Шаги становились еще более слышимыми. Елена скинула с себя ублюдка, поднялась и рванула вглубь. Она совершила огромную ошибку, когда свернула с тротуара и ринулась вглубь, в чащу деревьев. Там, среди высоких, голых и огромных деревьев, затеряться было сложнее. Листья под ногами, пропитанные влагой и грязью, замедляли шаг, погружая Елену в свое болото. Отсутствие людей морозило кровь в венах, и лишь дикий страх заставлял бежать быстрее и быстрее.
Теперь она не сомневалась, что живую они ее не отпустят.
Она зацепилась за ветку, больно ударившись предплечьем и процарапав кожаную куртку, которую ей когда-то подарила Миранда. Когтистые ветки сорвали легкий шарфик с шеи, болотная жижа поглощала обувь, бежать становилось все сильнее. Оглянувшись, Елена увидела три фигуры, которые побежали в разных направлениях. Одна из них кинулась за девушкой.
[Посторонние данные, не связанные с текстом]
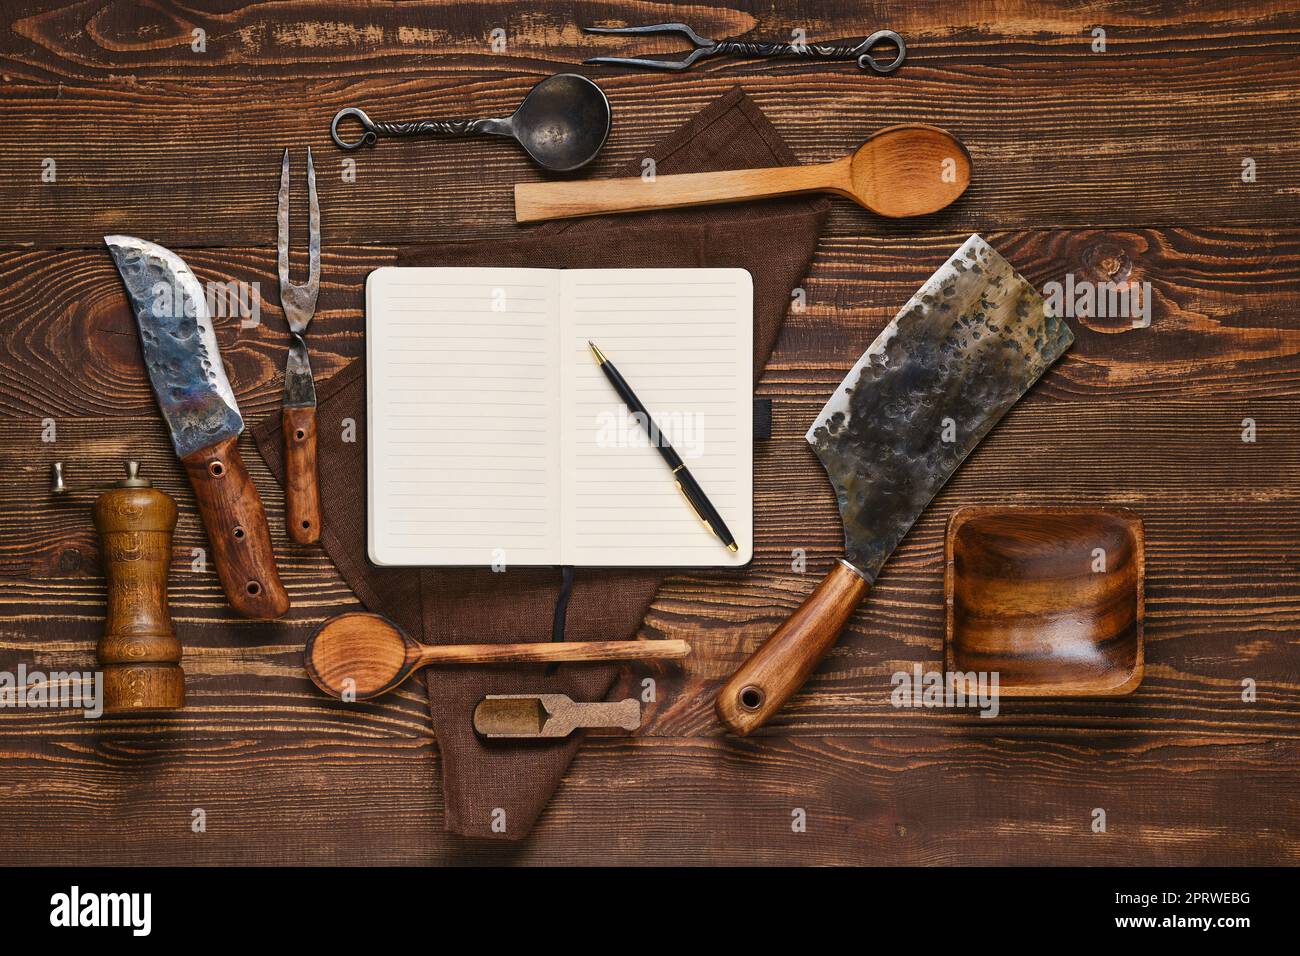 Blick von oben auf alte Steakgabel, Messer und Beil auf einem Holztisch neben dem Notizbuch Stockfoto
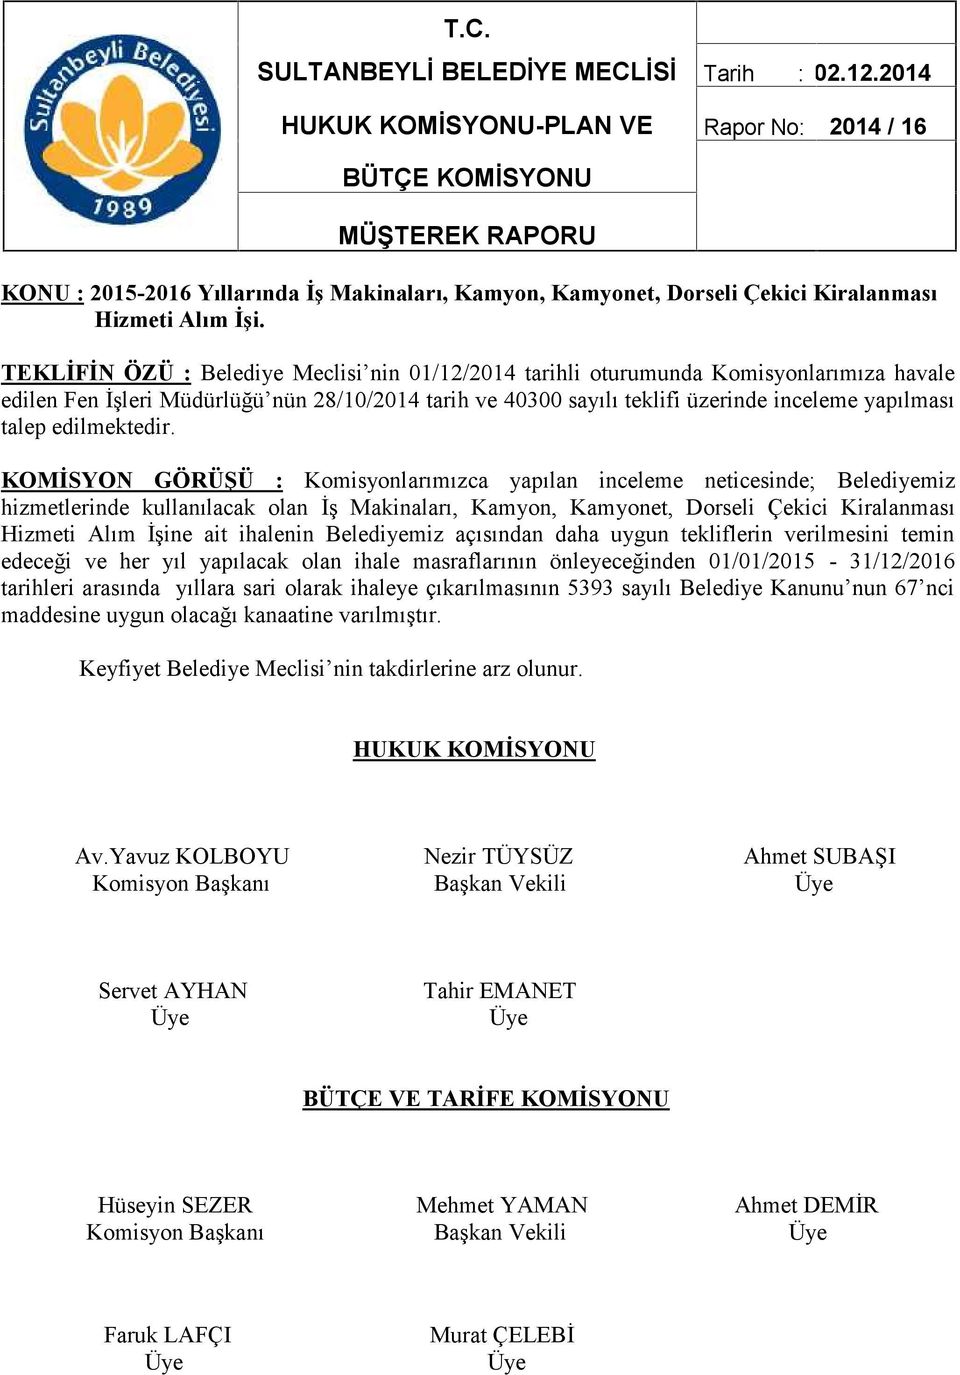 TEKLİFİN ÖZÜ : Belediye Meclisi nin 01/12/2014 tarihli oturumunda Komisyonlarımıza havale edilen Fen İşleri Müdürlüğü nün 28/10/2014 tarih ve 40300 sayılı teklifi üzerinde inceleme yapılması talep

Гилберт снова помчалась вперед. В самом сердце парке должна была находиться заброшенная церковь — Елена ведь хотела на исповеди, знала о церквях и часовнях, была истовой католичкой. Там она и мечтала найти спасение. После предательства отца и гибели матери господь не должен оставить ее.
Девушка прибавила шагу, чувствуя, что начинает колоть в боку, что ноги ужасно болят, и если Елена пробежит еще минуты две, то рухнет навзничь прямо в эту грязь. Она рванула к церкви, быстро поднялась по ступенькам и, захлопнув ветхие двери, прижалась к стене. Ей еще никогда так страшно не было. Самое отвратительное во всей сложившейся ситуации было то, что теперь Елена понятия не имела, как ей дальше быть. Нащупав телефон в кармане, она поставила его сначала на беззвучный, а потом стала набирать «911», чтобы вызвать помощь. В этот момент она услышала шаги, выронила телефон, испугавшись так, что руки затряслись, а потом хотела было ринуться куда-нибудь вглубь церкви, да вот только не смогла. Одна рука зажала ей рот, а другая мертвой хваткой прижала к телу нападавшего. Елена подумала лишь об одном: «Все кончено».
— Т-ч-ч, не кричи, — шепотом над самым ухом. Девушку парализовало от страха. Слезы брызнули из глаз. Елена не узнала шепот.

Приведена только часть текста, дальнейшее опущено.